I have been having troubles with engine staying running. Going through items one by one to make sure obvious things are addressed. Current item is Im not sure Im getting good fuell flow. I plan to remove the carb assembly if needed, but first want to see if I can at least see fuel flowing into carb and jet it the top. I disconnected the intake fuel line, stuck it in a jar of gasoline and cranked the engine. I thought I should see the jet in the middle of the carb spitting fuel, but did not (see attached carb picture of the jet im speaking of). Now the battery died so threw it on the charger before I could get oto many cranks. In the mean time, I took the fuel tank off and see it has rust incside, and the nipple on the bottom of the tank was pretty clogged with rusty sludge, and it looks like reminents of a fuel screen of some sort. There is small square piece welded/riveted on the bottom of the tank, and it appears there is a gap between this convex square metal pice and bottom of actual fuel tank. It looks like sludge is accumulated in there too. Im not sure how to get to or clean that, and not sure where the screen assembly was located.
Question: any suggestions on cleaning or sealing this tank? I think its in decent shape overall. Is there some way to put an intake screen in the tank? Or should I put a secondary inline fuel filter somewhere? Its not very easy to get at the fuel line immediately leaving the tank.
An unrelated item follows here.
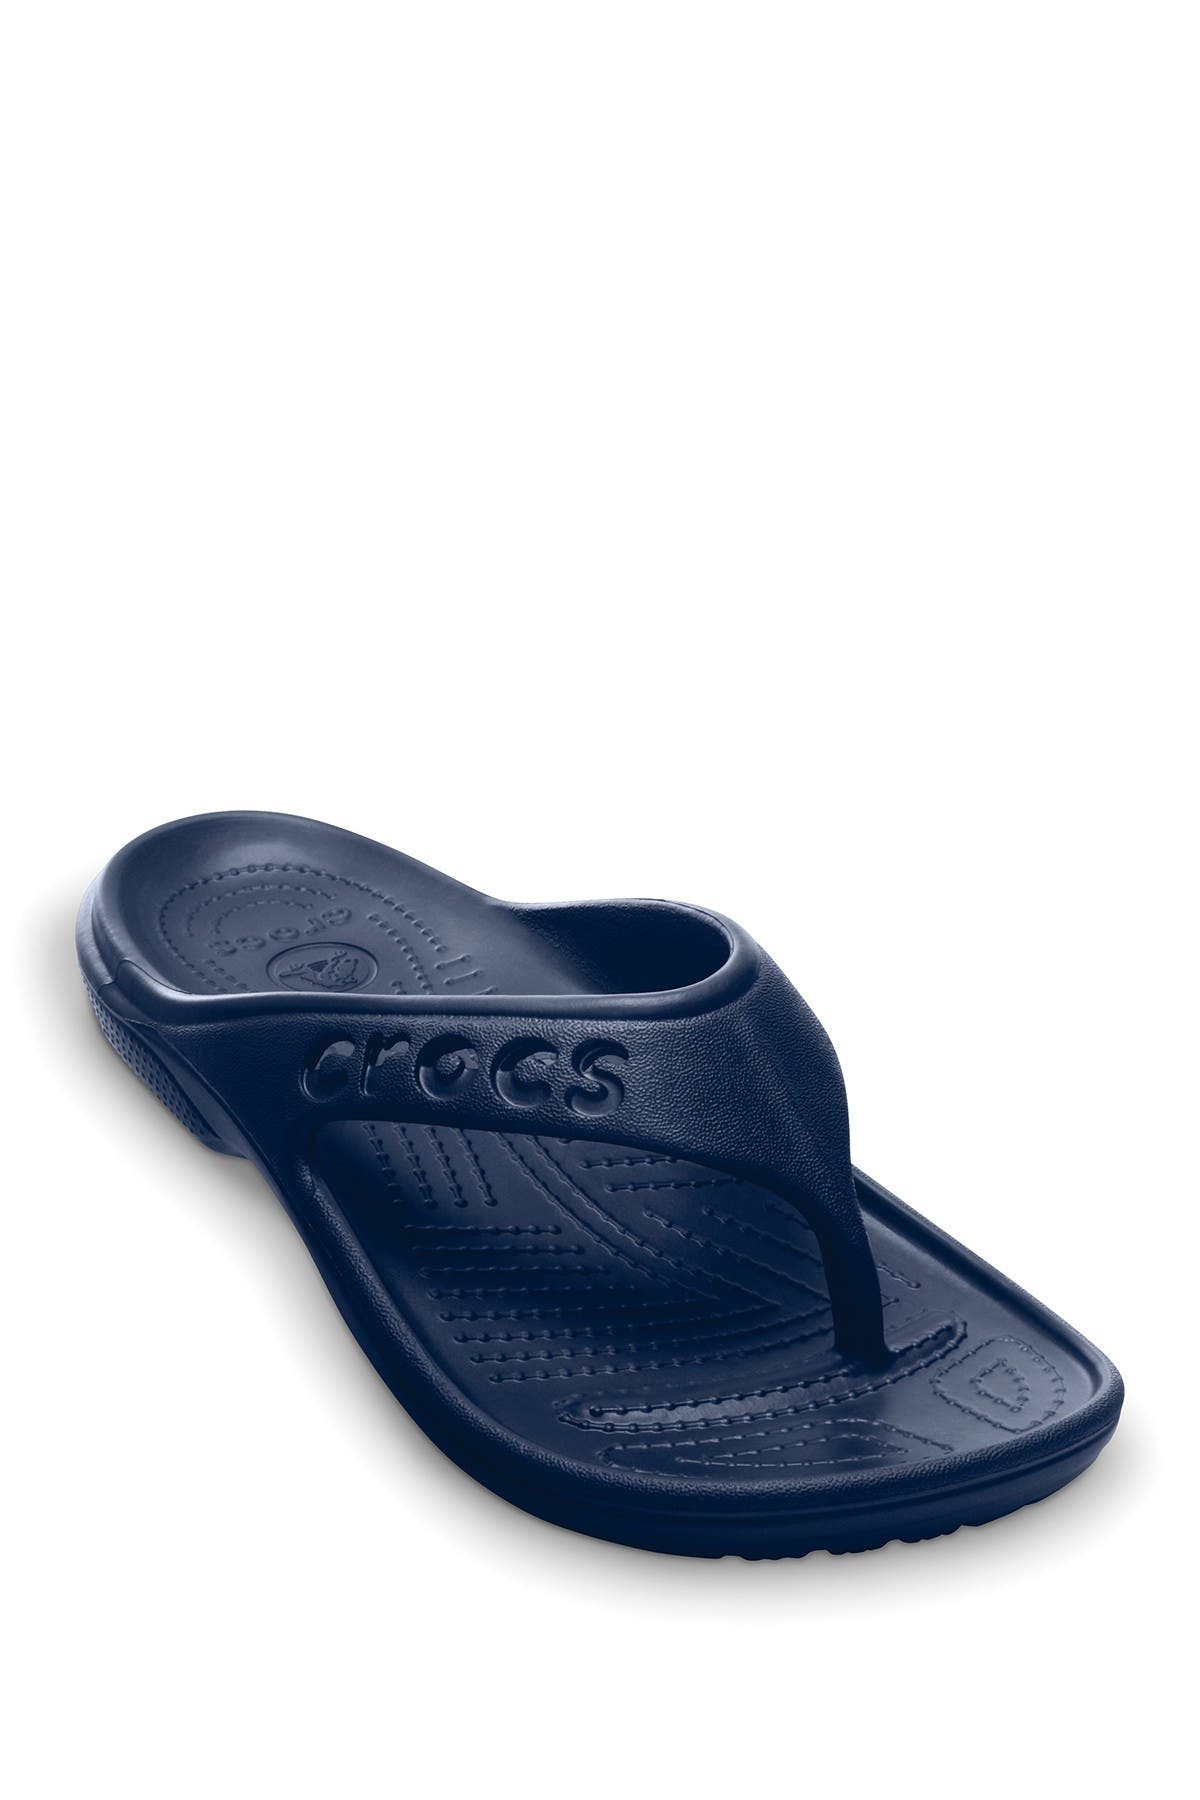 Crocs | Baya Flip Sandal | Nordstrom Rack

Is just the inline fuel filter by the firewall enough?

Sears model is 917.25884
Sears Serial 8155

Onan model: BF-MS/2833D
Onan serial : D753110349


----------



## Guest (Jul 18, 2018)

I see you have the model and serial for both the engine and tractor. Can searspartsdirect.com help you with a replacement fuel tap.....I believe the screen was part of the fitting. Amazon and other suppliers have a gas tank sealer kit; here's the description of 1 of them: 

it includes cleaner degreaser to remove gum, sludge, varnish
Metal Prep to remove rust & prepare tank for sealer
Fuel Tank Sealer creates a permanently sealed tank
Cloth patch for sealing large holes or reinforcing weak areas
Brush for applying patching system to exterior of tank


----------